_YOUR ASSIGNMENT_: Reproduce only this stretch of the listing below: from the line with "Fish-on-plate.jpg" through the line with "Bernt Bloos - Stv.", exactly as written, with pictures excluded.

_DATASET CONTENT_:
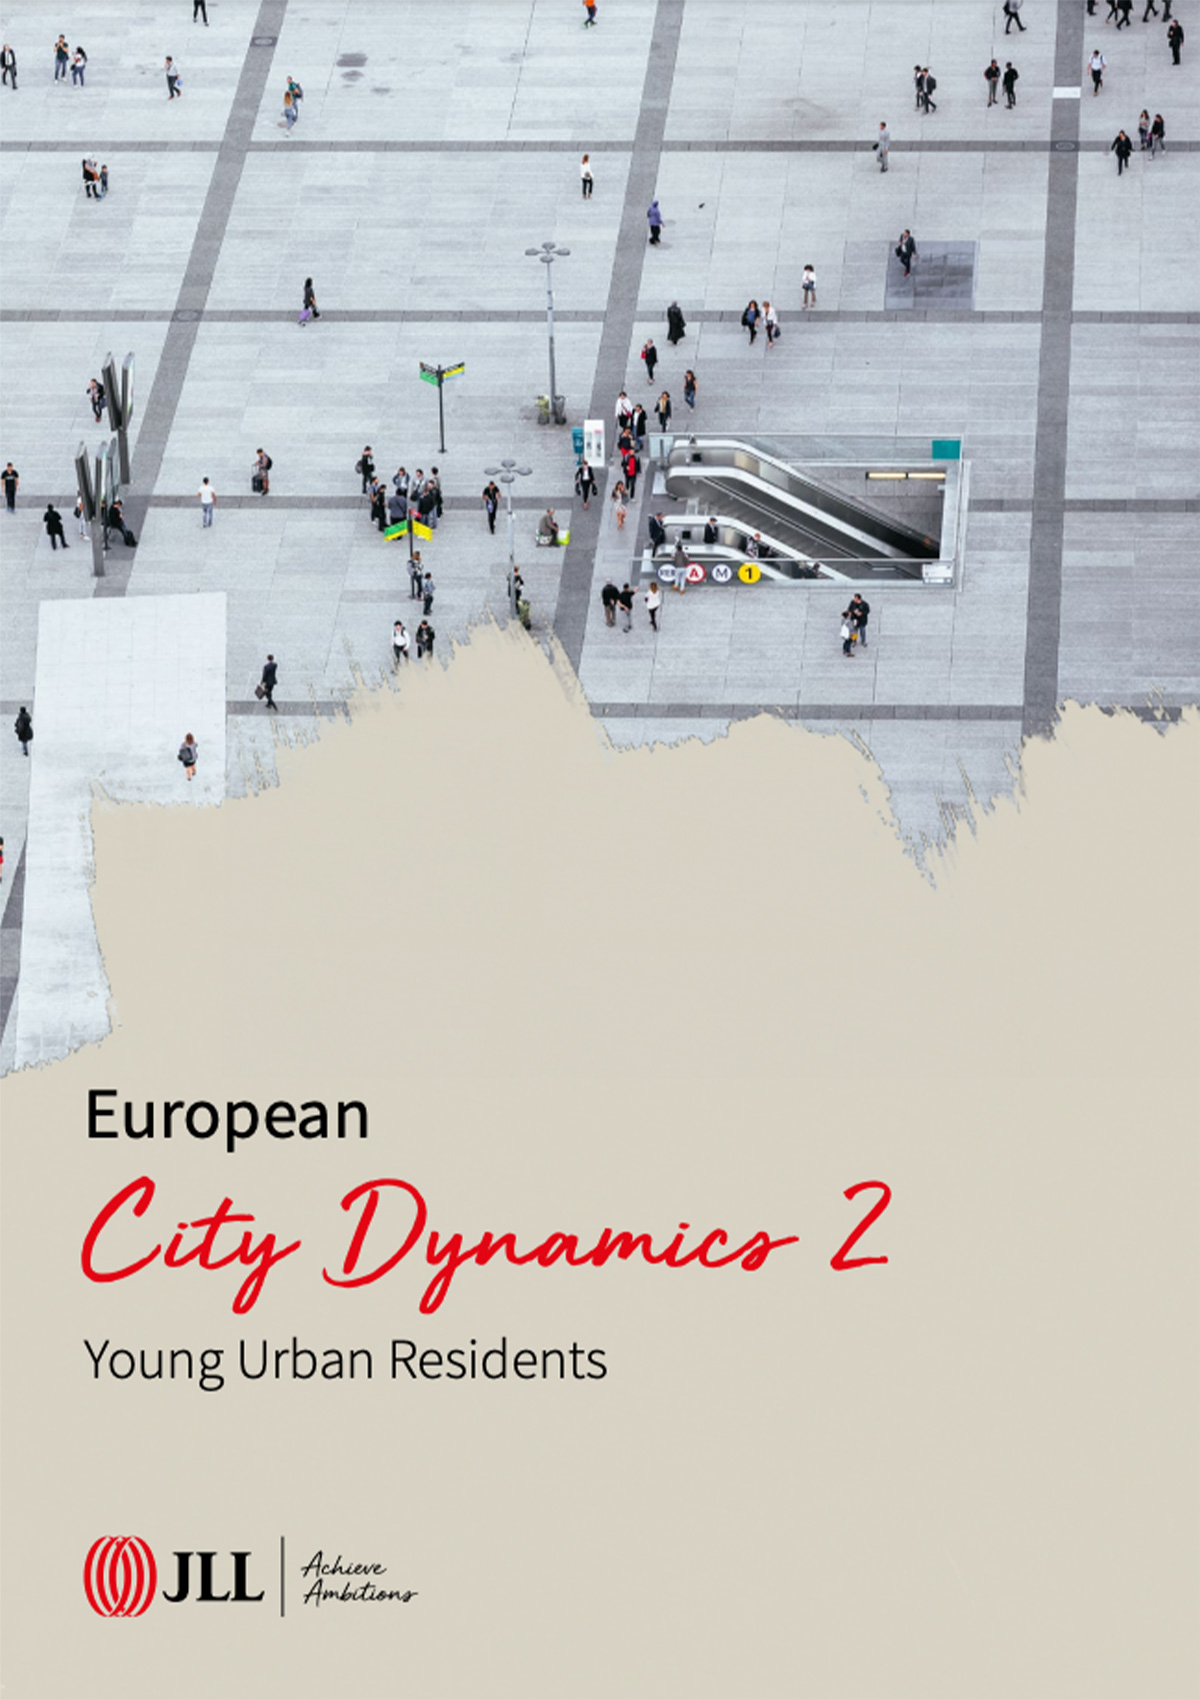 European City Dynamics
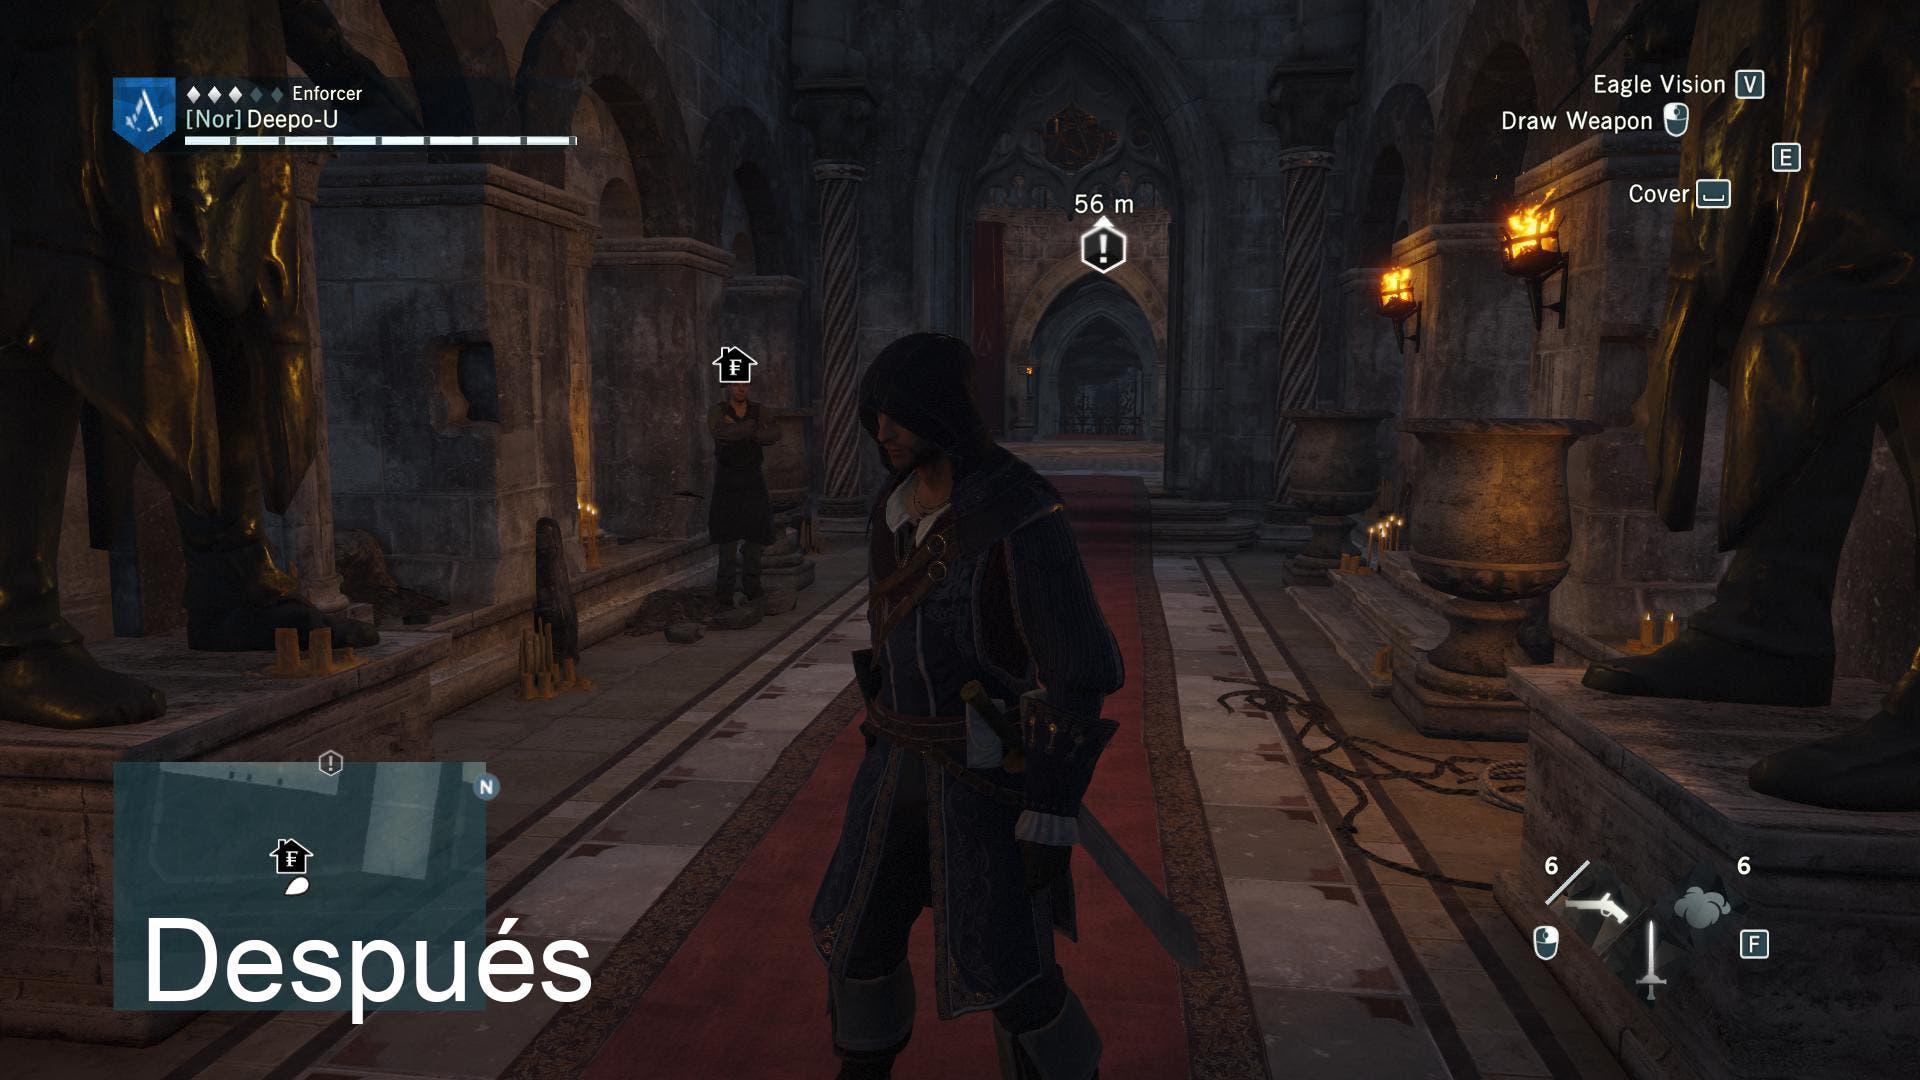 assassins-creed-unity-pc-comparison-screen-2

* * *

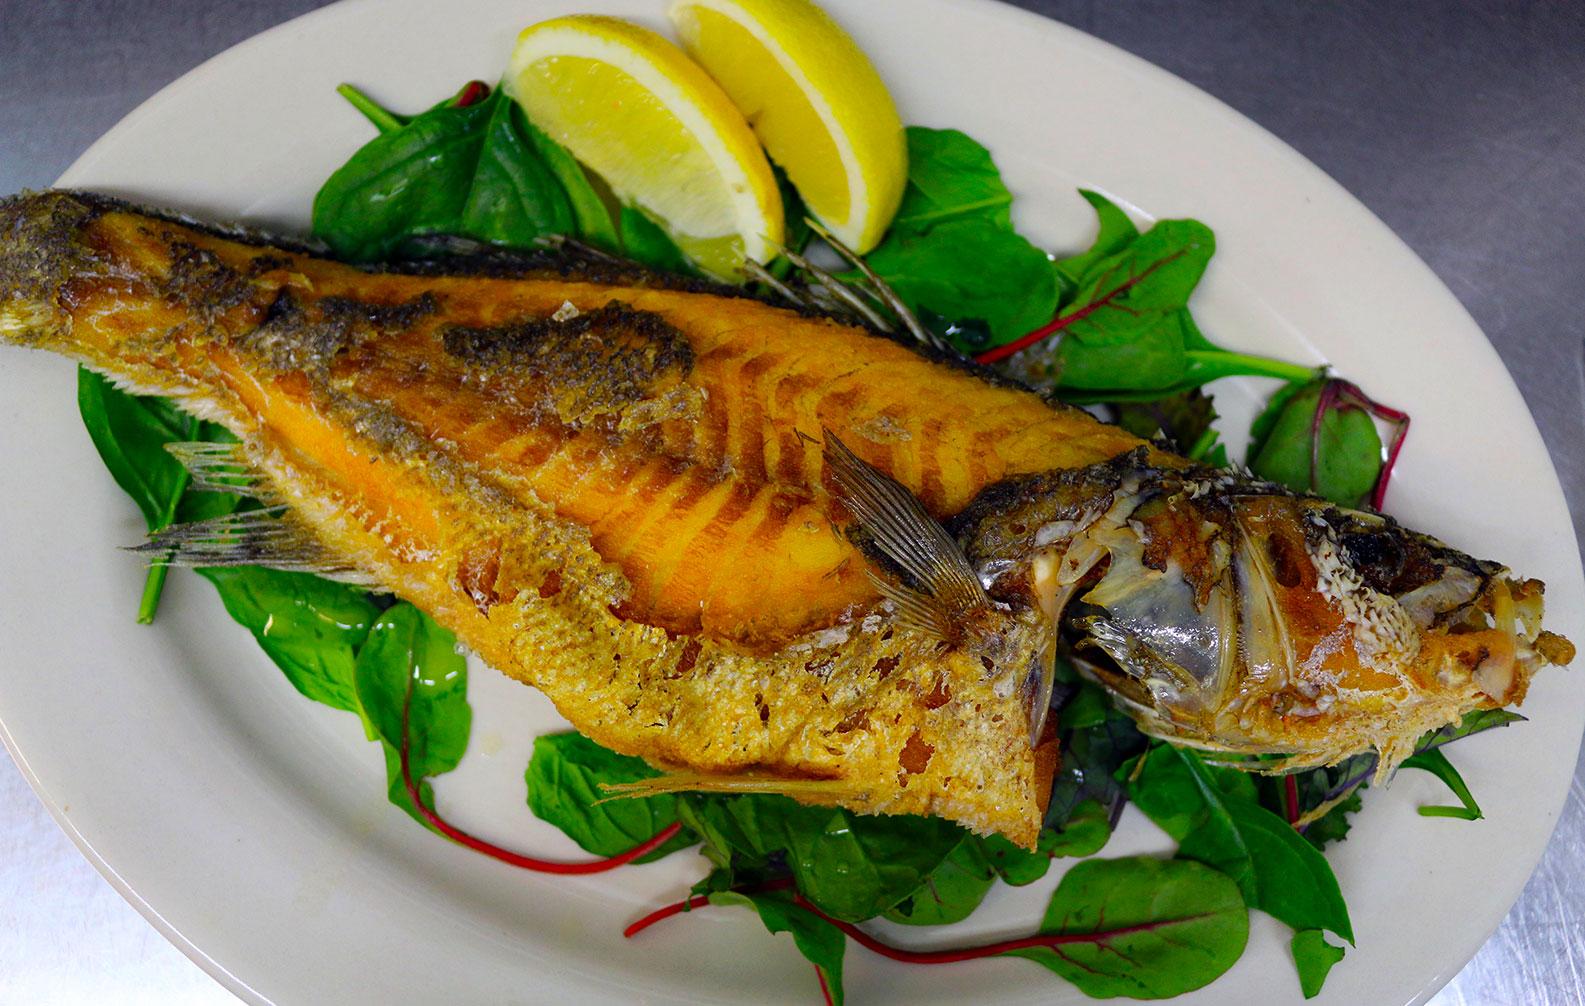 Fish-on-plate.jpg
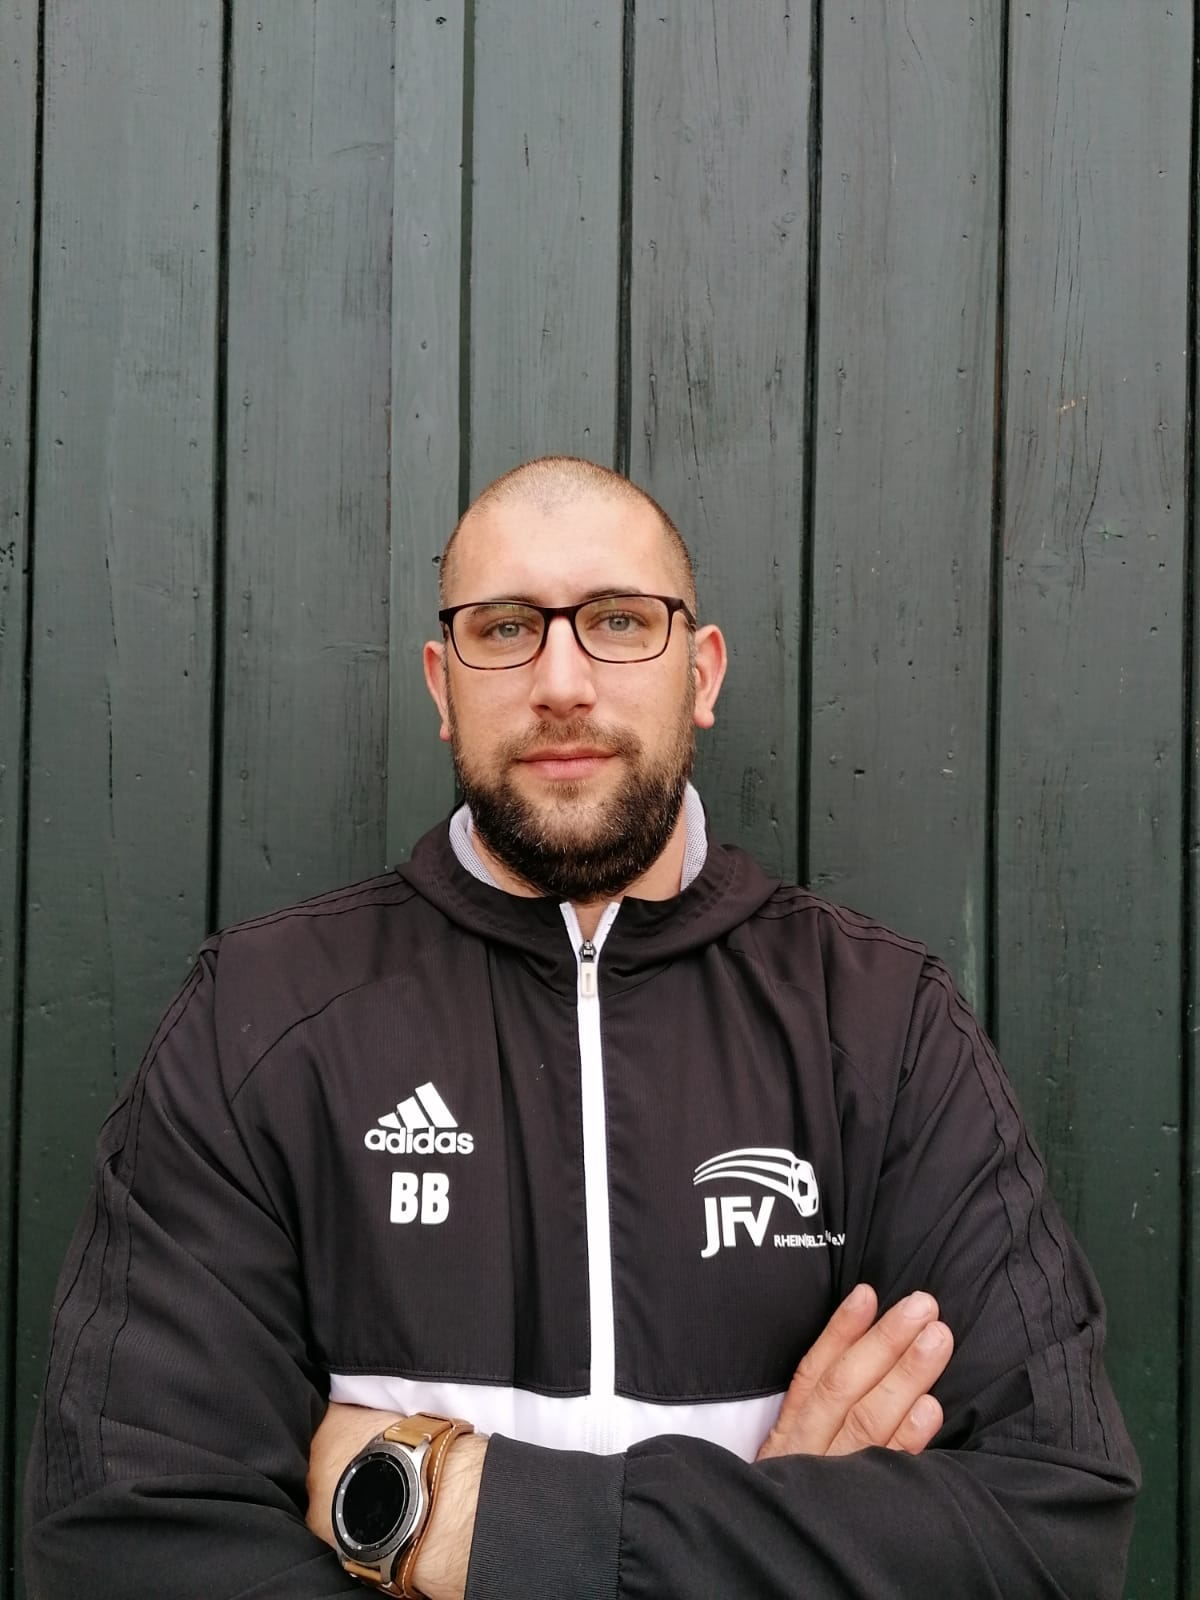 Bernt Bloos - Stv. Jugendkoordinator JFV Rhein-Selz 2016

_RESPONSE TO THIS EXERCISE_:
 Fish-on-plate.jpg
 Bernt Bloos - Stv. Jugendkoordinator JFV Rhein-Selz 2016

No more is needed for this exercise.